2 September 2011 - Superior A.R.T, the center of Assisted Reproduction Technology and Preimplantation Genetic Diagnosis, announced the first time of success in Thailand of implementing Pre-implantation Genetic Diagnosis (PGD) using Polymerase Chain Reaction (PCR) technology to screen for Thalassemia status with HLA matching between siblings.
Sarayuth Assamakorn, Chief Operating Officer of Superior A.R.T. the center of Assisted Reproduction Technology and Preimplantation Genetic Diagnosis said in the press conference, " Superior A.R.T is one of the most modern assisted reproduction technology center in Asia from the collaboration between Thai doctors who specialize in assisted reproduction technology and Sydney IVF, the leading center for assisted reproduction and genetic testing in Australia, which is globally well-known as a world-leader for the technology of blastocyst culture and pre-implantation genetic testing. Currently, we have treated patients with problems of fertility challange and those who are fertile but at risk of transmitting genetic diseases to their babies. Our success rate comply with international standards. This time, it is another great success for our team which comprises of fertility specialist, embryologist and geneticist in assisting a couples at risk of conceiving babies affected with thalassemia to achieve a healthy baby who is also capable of giving cord blood stem cells to treat his/her sibling with thalassemia who is waiting to have bone marrow transplant. In our view, this is to expand the benefit of IVF with PGD to those who does not have fertility problem but required a genetic screening. More interesting in this case, besides unaffected with thalassemia, he/she is a full matched to the sick child to provide cord blood stem cell for the cure of Thalassemia of the sick child. This is novel to Thai medical society. At the end, we hope that Superior A. R. T. will be at the forefront for pre-implantation diagnosis technology in the world. We have developed a laboratory able to screen for many other genetic diseases with more and more interesting cases everyday. We are well trustec by local and overseas patients ”
Somjate Manipalviratn, M.D. , Clinical Director of Superior A.R.T. said “Current statistics of the prevalence of Thalassemia carriers stands at about 30-40 percent of the Thai population. The babies born affected with Thalassemia are around 10,000 new cases per year, which could be burden to family and society. These newborns conceived from fathers and mothers who are Thalassemic carriers. For this case, the couple have a child suffering from beta Thalassemia who requires monthly blood transfusion and iron chelating medication. This supporting treatment will be life-long unless the child can get bone marrow transplantation from the donor with matched donor. However, it is very difficult to find stem cells that is matched with the child for the use of treatment. Currently, with advance technology and a team of experts at Superior A. R. T. , we can do genetic diagnosis by
Preimplantation Genetic Diagnosis (PGD) technique using Polymerase Chain Reaction (PCR) to screen out embryos affected with thalassemia as well as to match HLA of the embryo with the sick child. Once we get an embryo which is unaffected with thalassemia and HLA matched with the sick child, we transfer that embryo back to the uterus to implant and result in normal pregnancy. With this technology, we can assure parents that the next child will not be affected with thalassemia and can provide the cord blood stem cells to treat the currently sick child who requires monthly blood transfusion. At birth, we will collect cord blood stem cells from umbilical cord to transplant to the sick child to cure her thalassemia. This will be the next chapter of IVF to be used as a way to treat sick child in addition to helping parents to avoid conceiving babies affected with thalassemia. We are proud to announce this novel achievement to Thai medical society.

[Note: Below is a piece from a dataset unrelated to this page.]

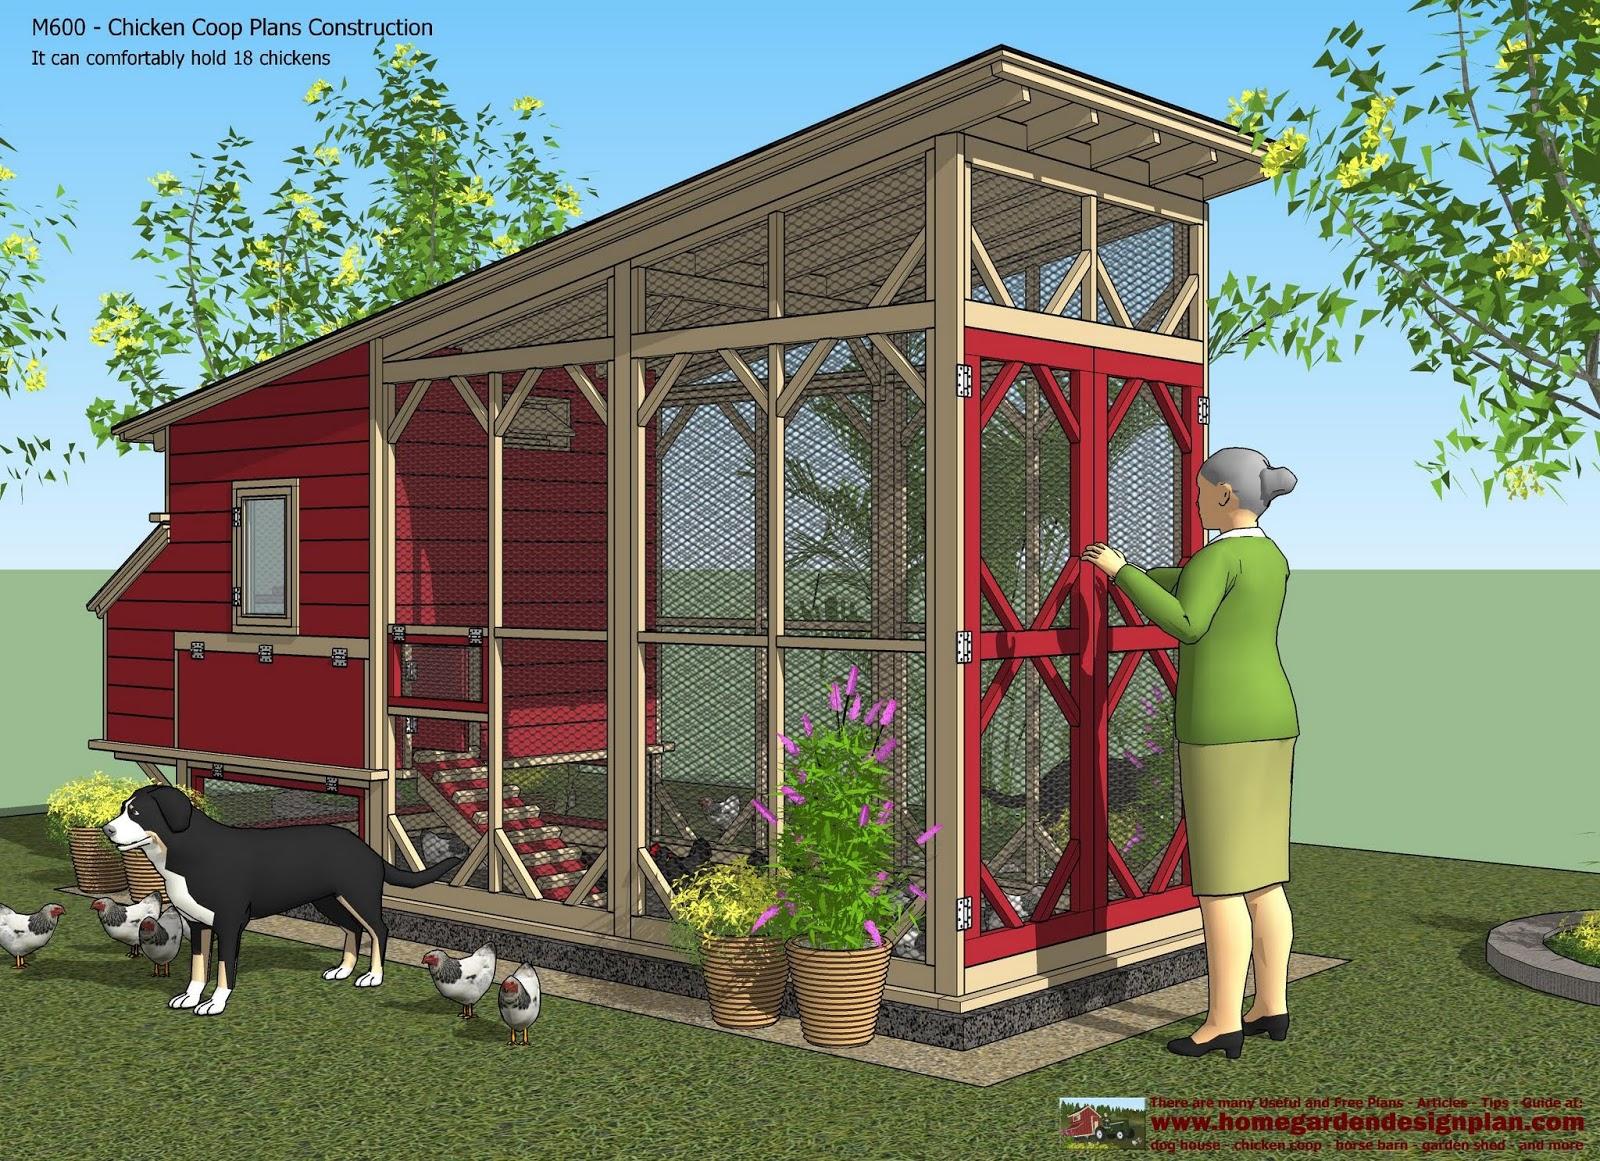 Home Garden Plans M600 Chicken Coop Plans Construction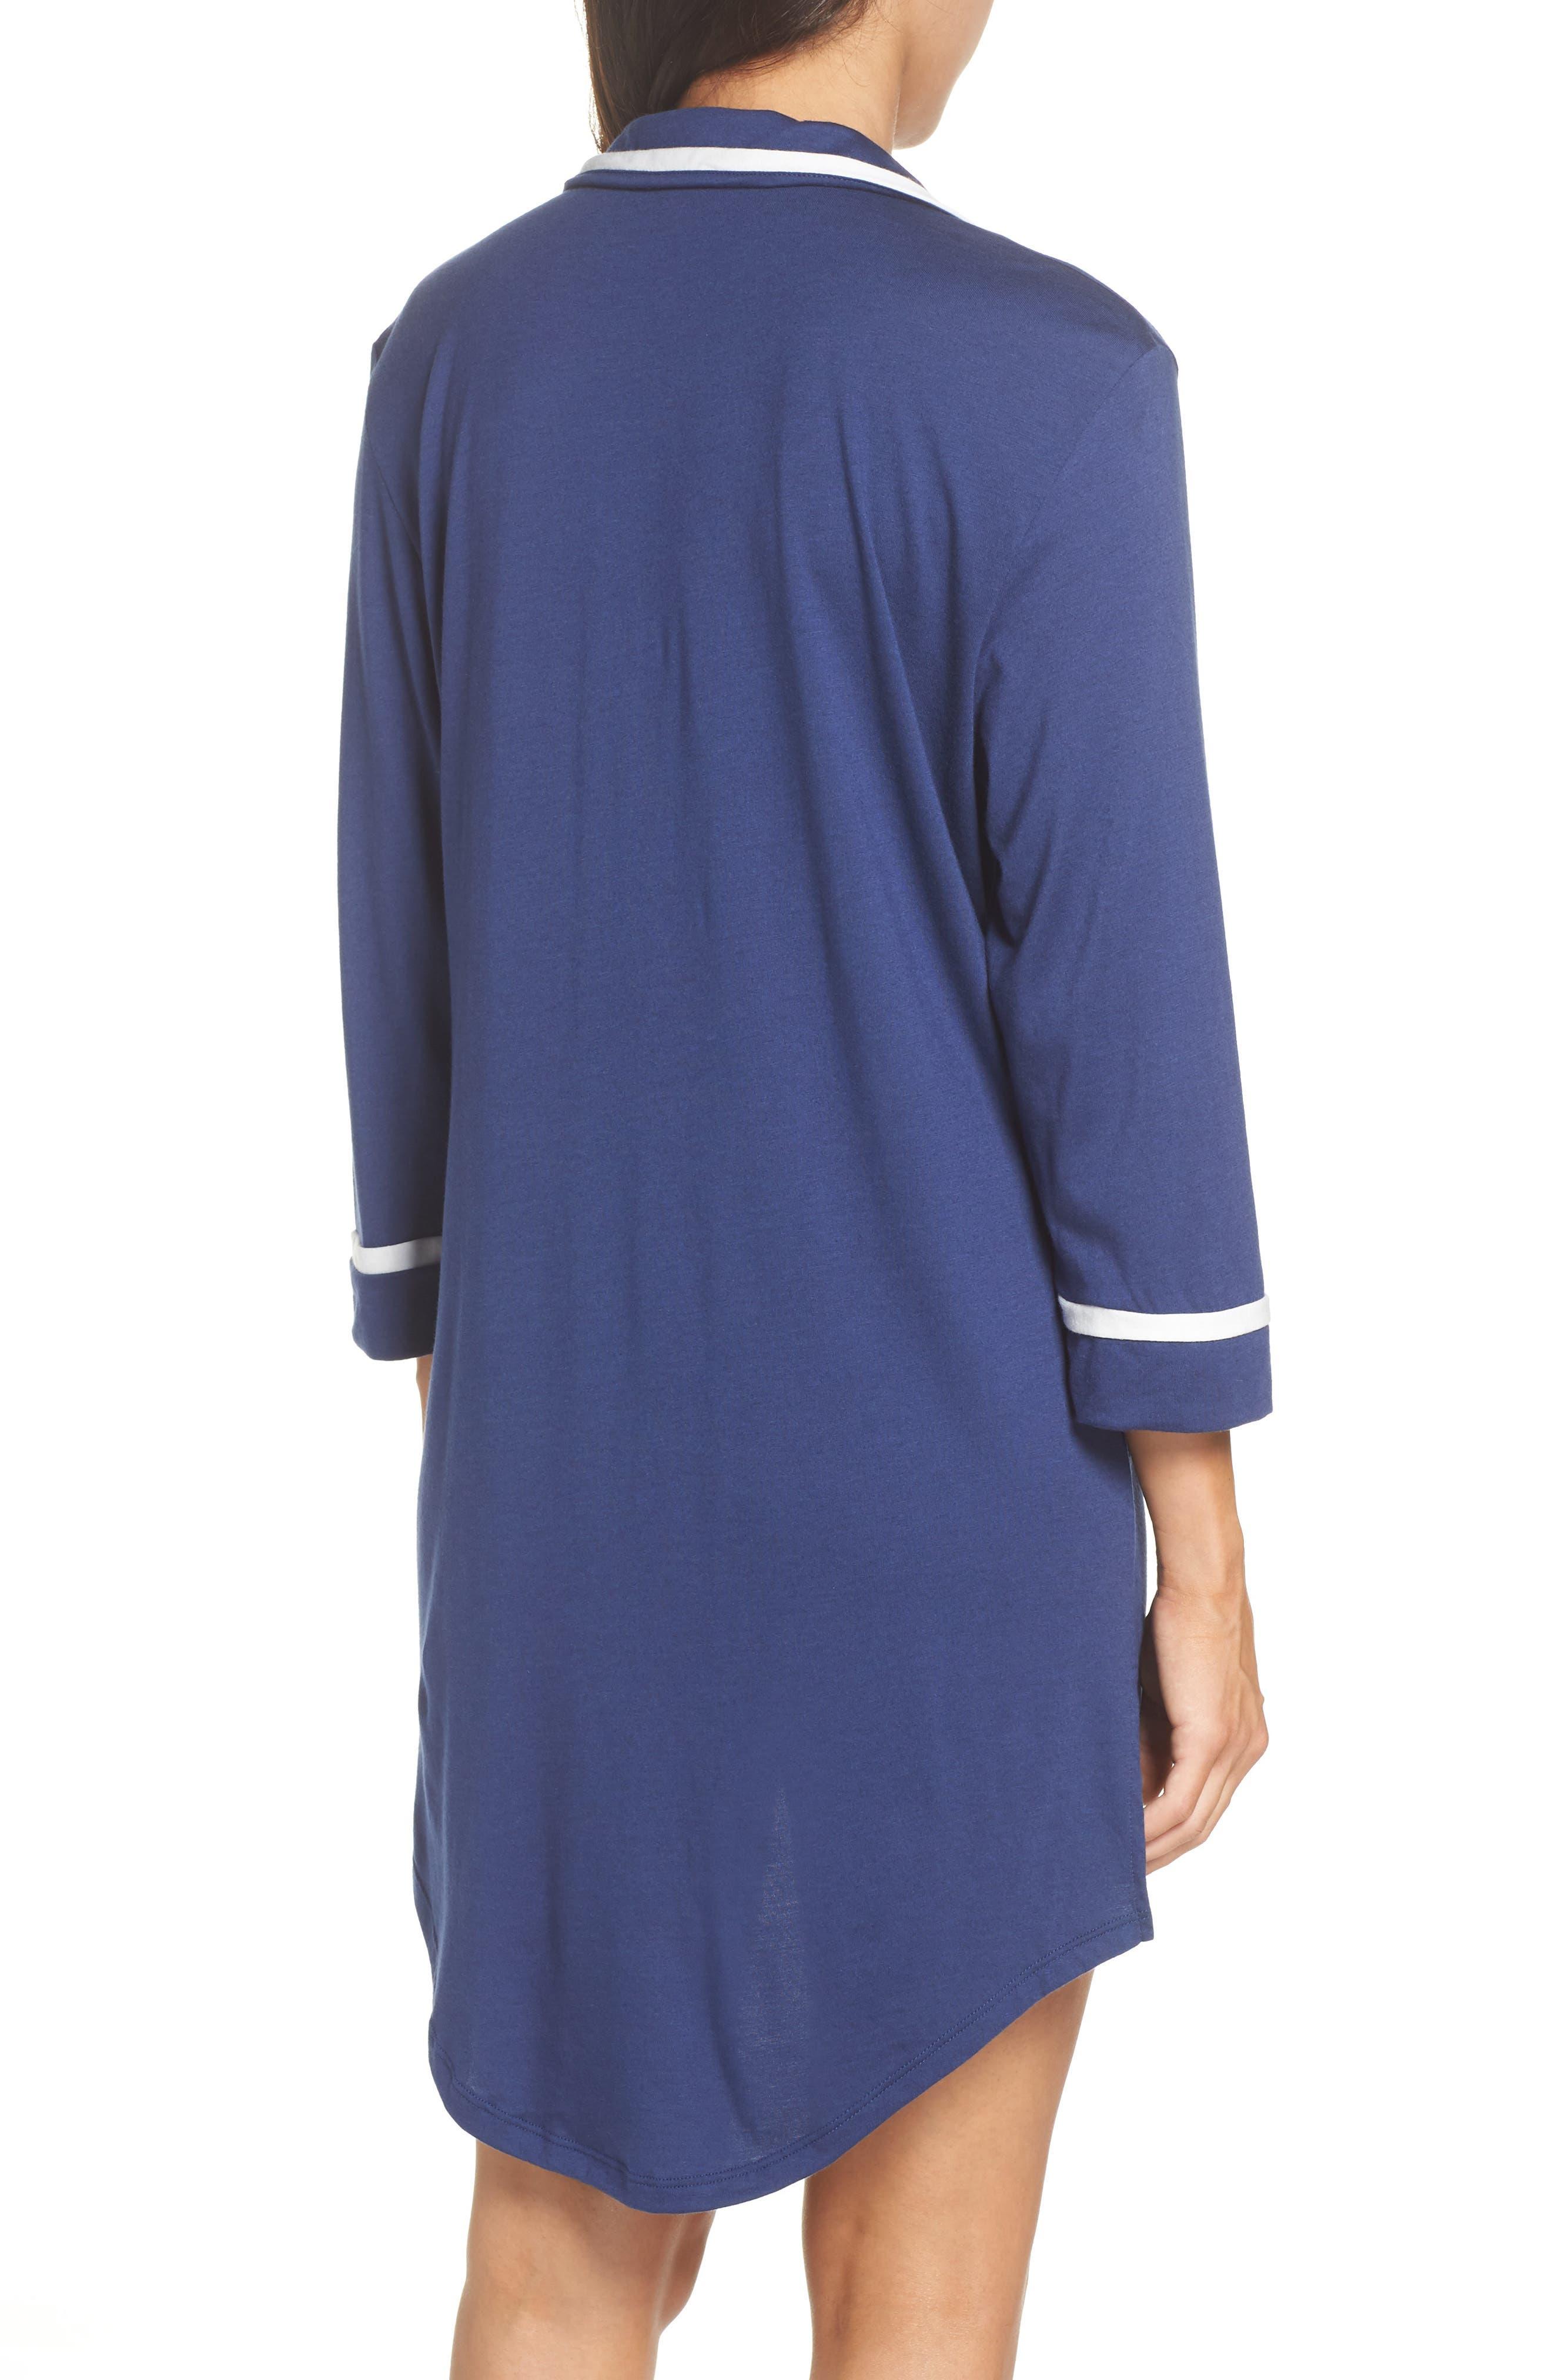 Amore Sleep Shirt,                             Alternate thumbnail 2, color,                             MARINE BLUE MOON/ IVORY

Pagawadee Ketcharoon, embryologist of Superior A.R.T. a key member to the success of this case said “ As an embryologist, we have to culture embryo with high quality for the purpose of genetic testing as only good quality embryos (blastocyst) can be biopsied for genetic testing.” Pannatee Sanpong, the geneticist of Superior A.R.T. added “ after we receive the cell sample from the embryologist we have to analyze the thalassemia status and HLA type of the embryos to give the information to the doctor, embryologist and patient upon which embryo is the right embryo to transfer. Actually, the geneticist will have to work on the preparation of test kit for each particular couples before the doctor can start the ICSI process with the patient.”
The key to prevent thalassemia is to screen the population of the thalassemic status of themselves and identify couples at risk of conceiving babies affected with thalassemia. Once the couples at risk are identified, they should be offered an option for pre-implantation genetic diagnosis to avoid conceiving babies affected with thalassemia as “prevention is better (and easier) than cure”.